On my way back to the car, I thought about the name “Whale Cove”. Why would it be called that? I turned around to have a look out at the bay. You never know. Yes, yes I spotted some dark shapes out in the bay and called back to the guys. Malc came out with his binoculars and said it looked like about 5 or 6 creatures out in the water. They were too far away to take even a full-zoom photo but we’re pretty certain they were whales which were likely pilot whales!

Cheticamp Harbour Boats

Cheticamp, Cape Breton

Onward to Cheticamp to find the motel which was about 5 minutes the other side of the town, just at the entrance to the Cape Breton Highlands National Park. The woman working there, the owner, was really nice, showing us a few scenic routes and ways to get around some of the road construction going on and she also recommended a restaurant for dinner tonight and made a reservation. There’s going to be live music there, too, so it should be nice. What a great start to the holiday!

We drove back into the town and had a look at the harbour with the boats. The sheltered water was like glass, it was that still. It was just at dusk so there was still enough light for a few photos. The restaurant had a French woman singing in the dining room. She was all right, sticking to safe crowd favourites in both languages. Most were just not my taste really. The food was as good as predicted so we all enjoyed our meal. We relaxed over dinner and finally headed back to the motel to relax. Tomorrow is our whale watching tour and we’re really hopeful the weather and the sea cooperate.

Thursday September 21

Sunny, cool and crisp this morning. Unfortunately, it’s also a bit too windy and the whale watching tour was cancelled. The boats can handle the choppy seas but the passengers can’t always and it’s a safety issue. We had got up early, checked out, picked up hot drinks and breakfast at Robins donuts and headed out to Pleasant Bay in plenty of time but to no avail. We did ask what companies did similar tours in the Ingonish area where we’re staying tonight and she gave us the information and even tried to get hold of them to book for us but couldn’t get through. We decided to take in the Whale Interpretive Centre they had there which was very interesting. It showed the evolution of the animal, it’s current environment and habits. They had a model of a full size pilot whale which is very common in the Cape Breton area. It’s a good little museum and well worth a stop if you’re in the area.
Northeast Cabot Trail views
We went on a few drives along the lesser beaten paths and drove to the northernmost community in Nova Scotia, called Meat Cove, accessed by a gravel road. The name apparently came from early settlers driving the deer and moose over the mountain to this location to be butchered and salted and shipped to other locations. We found a good place for lunch in Cape North called Angie’s and filled up the gas tank as well. There aren’t a lot of stations around the long stretch of the Cabot Trail from Cheticamp to Cape North so you should take advantage of it when you find one. The road around the Cape Breton Highlands National Park is hilly and twisty, sometimes following the coast and sometimes cutting across inland. There are lots of trails to hike with fabulous views and there are a number of roadside lookoff spots, little craft shops and a few cafes along the way.

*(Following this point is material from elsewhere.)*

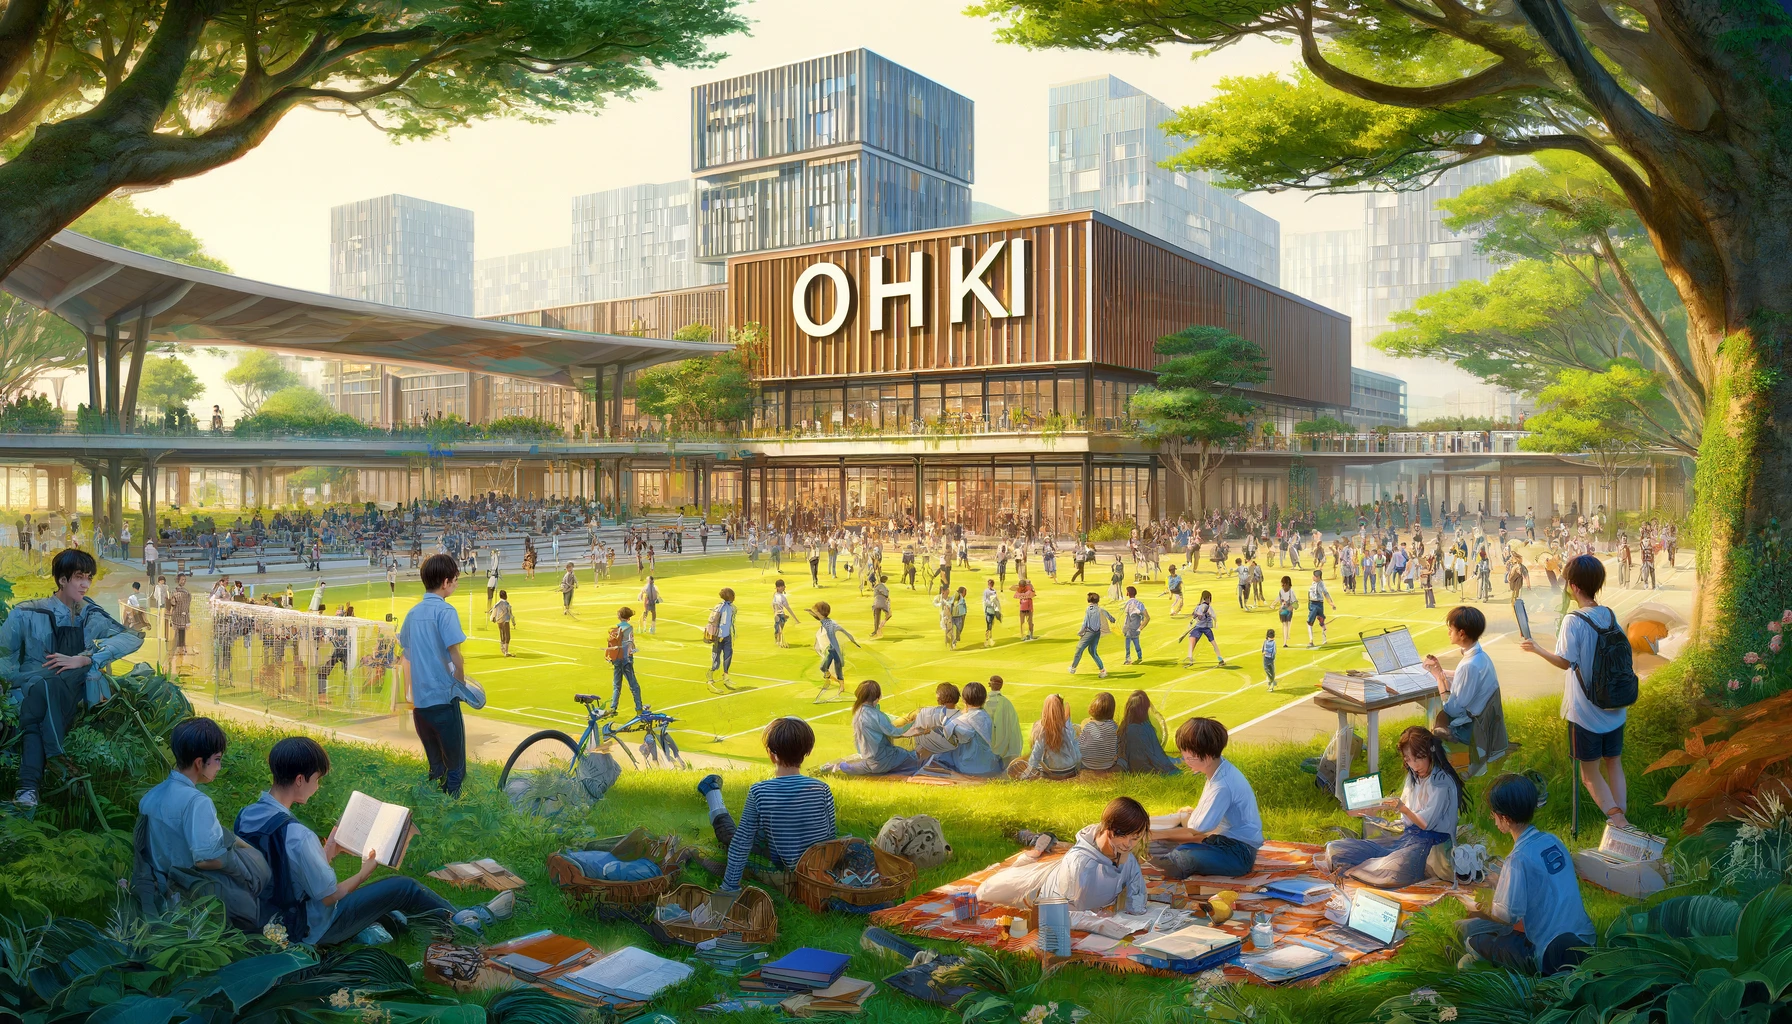 A vibrant campus scene at Ohki High School, showcasing its popularity. The image features a diverse group of students engaged in various activities around a lush and spacious campus. Some students are studying outdoors on picnic blankets, others are participating in a soccer game, and a few are performing in a band practice session. The school buildings in the background blend modern architecture with natural green spaces, providing a dynamic and inviting atmosphere. The word 'OHKI' is prominently displayed in bold English letters, reflecting the school's strong community and academic spirit.

It’s such a lovely day for a drive, too! We made a few photo stops along the way and got to the motel, the Sea Breeze Chalets and Motel in Ingonish Beach about 4 p.m. I called the whale watching company and booked us three spots for tomorrow. The man I spoke to said they would likely be ok to go. The Ingonish area is a popular stop. There are lots of motels and holiday chalets for rent. Our rooms face the sea from across the road. We’ll sort out somewhere to eat tonight and have a recommendation for breakfast tomorrow. It’s only a 10 minute drive to the harbour where the tour boat is located so we won’t have to get up quite so early!

Whale Watching Graham and Mal

The lads

We ended up at the Main Street restaurant and I went all out for something different and had swordfish, caught locally in Neil’s Harbour. I thought it was very good. Graham was not overly impressed with his burger, thought it was ok but really didn’t like the fries but Malc enjoyed his vegetarian meal a lot. Back to the motel for the night.

September 22

We checked out and went to the café up the road that was recommended to us, the Bean Barn Café, and they did indeed provide delicious all day breakfasts. We found the Whale Watching company down a small side road very close to where we ate last night and bought our tickets. It’s another beautiful day, perfect weather to be out on the boat. It’s a smaller boat and there were about 12 passengers so it wasn’t crowded at all. Unfortunately, we didn’t see any whales but we did see seals, bald eagles and a sunfish which was a good sized fish and had fins and flippers. There was a demonstration on how the lobster traps work as well.

We drove from there to the pretty town of Baddeck to see the Alexander Graham Bell museum. Because this year celebrates Canada’s 150th birthday, all of the National Historic Sites and parks have free entry. This is one on the list. It’s a very interesting museum. We never realized how many things Bell invented or started that were cutting edge for the time. Not everything worked out but he was fascinated with how things worked and tried to find new ways to do things all the time. He didn’t actually invent the telephone here in Canada but he maintained a summer home here for many years from about the mid 1880s onward.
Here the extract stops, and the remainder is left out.